Canada Blooms
March 8-11th, 2006
Toronto, ON
 

I then sat down to listen to John Valleau from Heritage Perennials while munching on a ham and cheese sandwich – He spoke on the ‘Perfect Perennial Partners’. Flowers of perennials die back and what you have left are a lot of leaves so let the colours of the foliage play off each other. I have been trying to do that and when you are in the garden center look at those leaves because they are usually around a lot longer than the flower. Sometimes keeping it simple is the hardest thing for a gardener to do. I liken that sentence to packing – when packing for a trip, pack it all then take out half the clothes you put in. Think of other elements besides plants to set plants off, like rocks, perfectly placed benches, urns, statues.

His take this year on trends…barberries are back with a vengeance, new Zealand flax is a great pot plant and will over winter in the house, rex begonias are coming back, he loves coleous and with the new leaf shades, they are great for shade. Mexican feather grass and cannas add a great tropical feel to the garden.

For growing more succulents he had this to say – just pull off leaves and leave on a windowsill and after a while a baby will form along with roots and then you can pot them up. For elders, after they are established, hard prune them back to 6-12” from the ground to help keep their form and keep them nice and bushy. He loves cardoon and more people should try it for its gray leaves and purple fountain grass is not hardy at all, no matter how much mulch you use, so perhaps keep it as an annual and enjoy it that way.

The last speaker I had a chance to listen to was Freeman Patterson. His presentation was on his book ‘The Garden’ which I happen to have. It was wonderful to sit and look at his slides, he has such a gift of taking the right picture at that perfect moment. I am not a professional photographer but I do know that the pictures I take are my memory reminders…and he calls them his gracenotes – moments not given to us but put there for us to discover. I like that and I love going through my pictures – and sharing them with others. When I see a picture, I don’t just see it, I smell that flower, or hear the birds that were singing while I took it…he also said that it was a very good idea to take both close-ups and longshots, again something I try to do.

Now the show itself this year was very good – they were celebrating their 10th Anniversary, just like our site this year – and the theme ‘Urban Mosaic’ celebrated the differences in our cities and towns. Toronto, Ottawa and Brampton each had big display gardens with Ottawa and Brampton being the most colourful with thousands of tulips in the Ottawa garden and the most beautiful baby grand piano of red and white flowers in the Brampton garden.

The floral competition this year, presented by the Garden Club of Toronto, was quite exciting with many gorgeous floral designs. From the very tall and theatrical to the tiny shadow box – they were all here to enjoy, and all done by very talented amateur designers. If you had picked up a copy of the show guide you would have read a wonderful article on miniature floral designs, done by my friend Wendy Downing, who is one of the floral judges at the show each year.

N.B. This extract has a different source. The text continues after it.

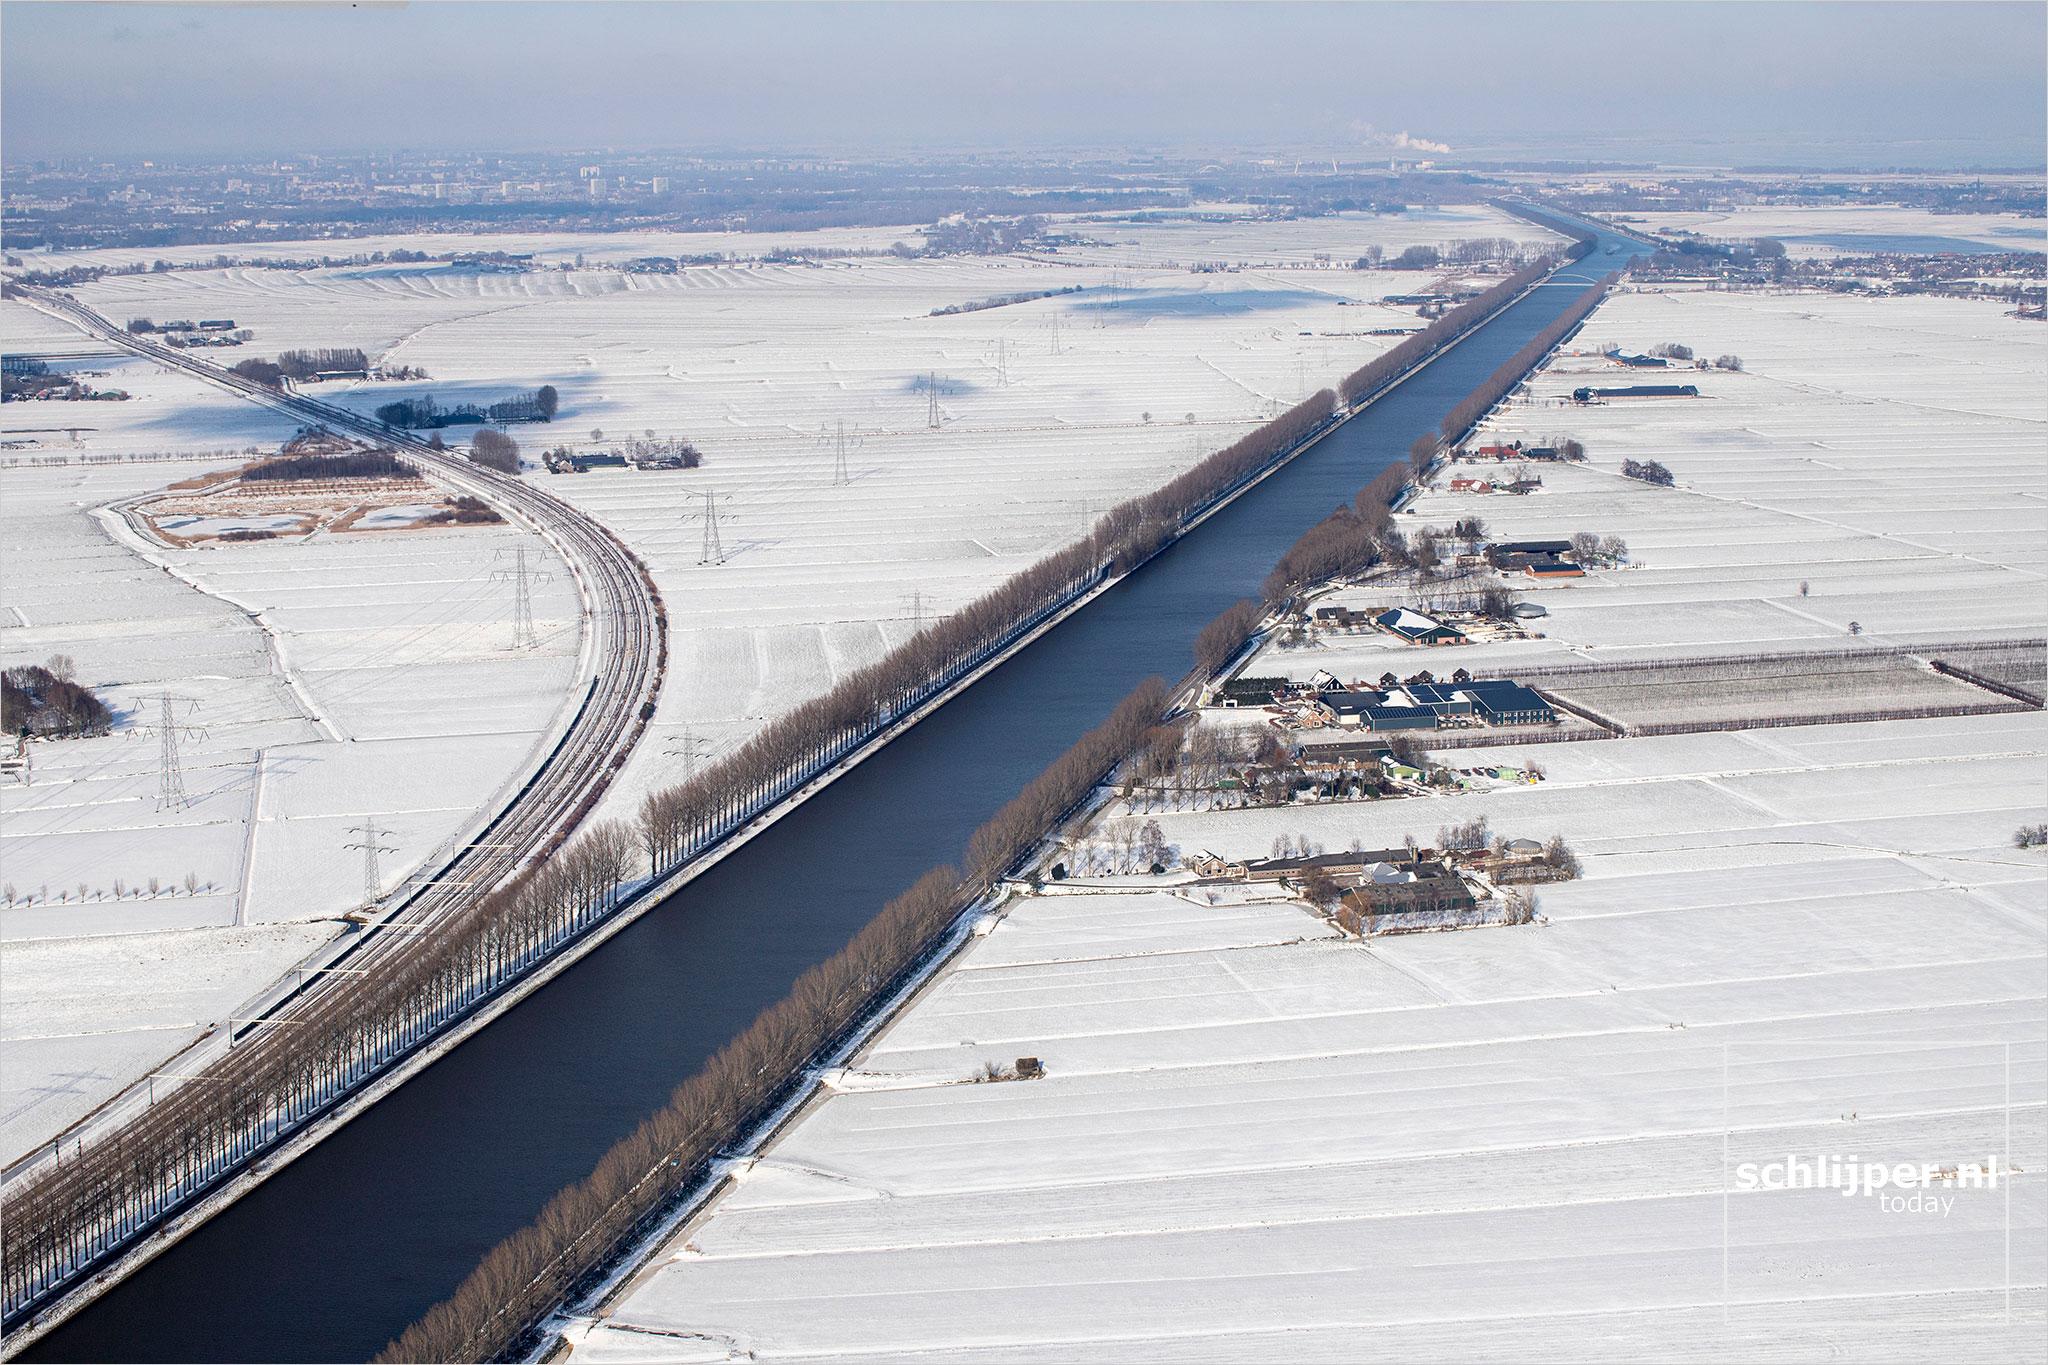 The Netherlands, Baambrugge, Vreeland, 12 februari 2021

The speakers and demonstrations each day are reason enough to attend the show – there were enough to take you through the entire Wednesday through Sunday at every hour from 11 a.m. on to days end. Plan your time to make sure you listen and watch as many as possible while still having the time to really visit the gardens – sometimes we miss a lot of the little things by being in a hurry. Mix and match your seating and walking and don’t forget you will need a bit of time to go through the Market Place.

As always, when I am in Toronto, I stay at the Fairmont Royal York. Alka and Jamie have always treated me so well that I cannot possibly think of another hotel. It is so close to the convention center – in fact you can walk from the hotel right to the show and not even go outside - this is very important to me because I happen to know what March is like in Toronto. This is what makes Canada Blooms so special, a chance to forget the weather and think spring!

Hope you enjoy the pictures and see you next year! Happy 10th Anniversary!